From: David Raleigh Arnold
Subject: Re: two bugs (?)
Date: Wed, 10 Jul 2002 14:06:18 +0000

On Wed, 10 Jul 2002 16:43:42 Bernard Hurley wrote:
> The situation is a bit more complex than that.  As far as I can recall
> (I
> wrote the embedded code for a midi interface many moons ago):
> 
> 1) A midi channel can only have one instrument at a time assigned to
> it, but
> it is possible to change instruments.  
> 2) A midi channel can be specified to be polyphonic, so that it can
> control
> a polyphonic synthesiser.
> 
> In theory, the midi spec allows you to do things like start a note,
> change
> instruments and start another note, chnage back to first instrument
> and stop
> its note then change to second instrument and stop second note all on
> one
> (polyphonic)channel.
> 
> Problems:
> 
> A) You need a synthesiser that can cope with this sort of complexity,
> many
> don't.  Synthesisers on even good soundboards are rather basic.

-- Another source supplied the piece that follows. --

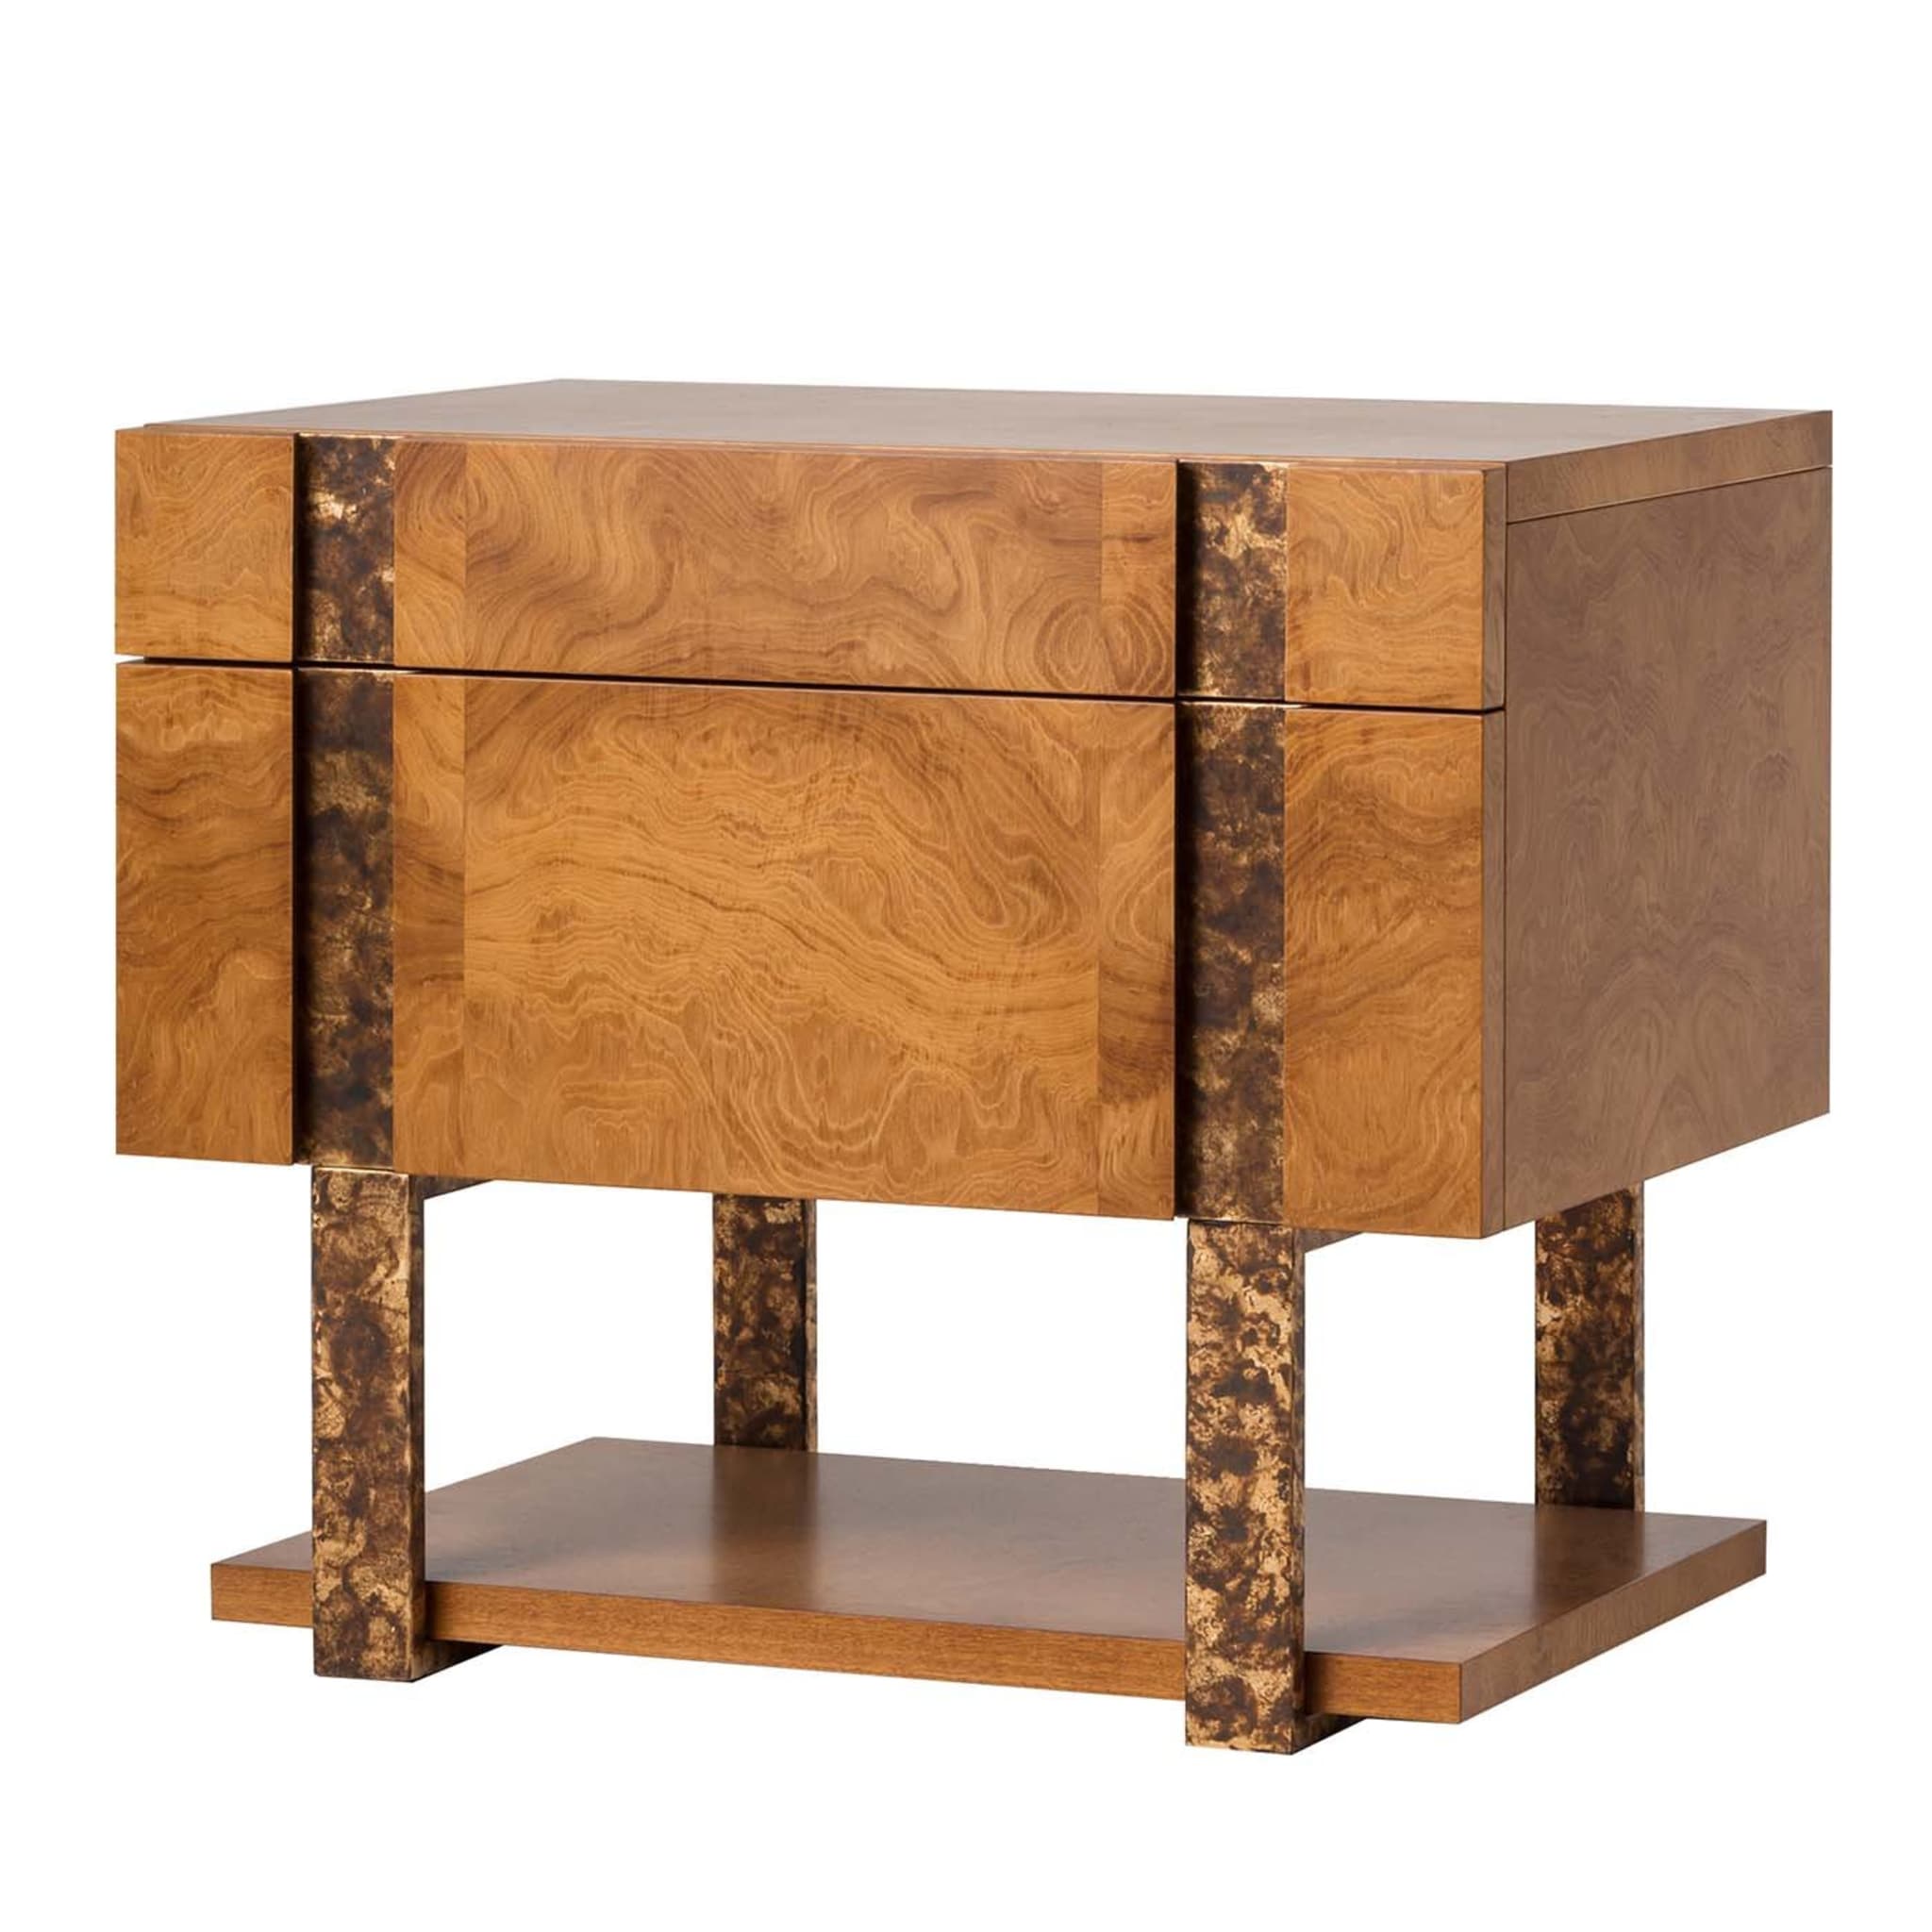 Diadema bedside table by Marco and Giulio Mantellassi - Main view

I thought you were using timidity.  All the soundcard gets is
a .wav file.  Why would anyone use a midi synthesizer at all?
Even the best are lousy compared to sample players.

But even with timidity, unisons are a problem.  Even for rough
error checking, it would be better if midi were in voice
contexts instead of staff contexts.  I improved the sound
greatly and got rid of all the errors by having one staff
for each voice, in spite of how ridiculous it would have looked
to me if I had ever looked at it, which I never did.
Get that done first.

The rest of the problem if there is any
is with the midi format itself, I think, drawing from
my vast fund of ignorance on the subject.

Making split midi versions is the easiest way to go IMHO.  If
you have a really big score,
divide the parts into several simultaneous midi versions, make .wav
files out of each, and then mix those.  You could also get
more subtle dynamics that way if you want to work that hard
at mixing.  :-)

------------------------------------------------------------
Information is not knowledge.           Belief is not truth.
Indoctrination is not teaching.   Tradition is not evidence.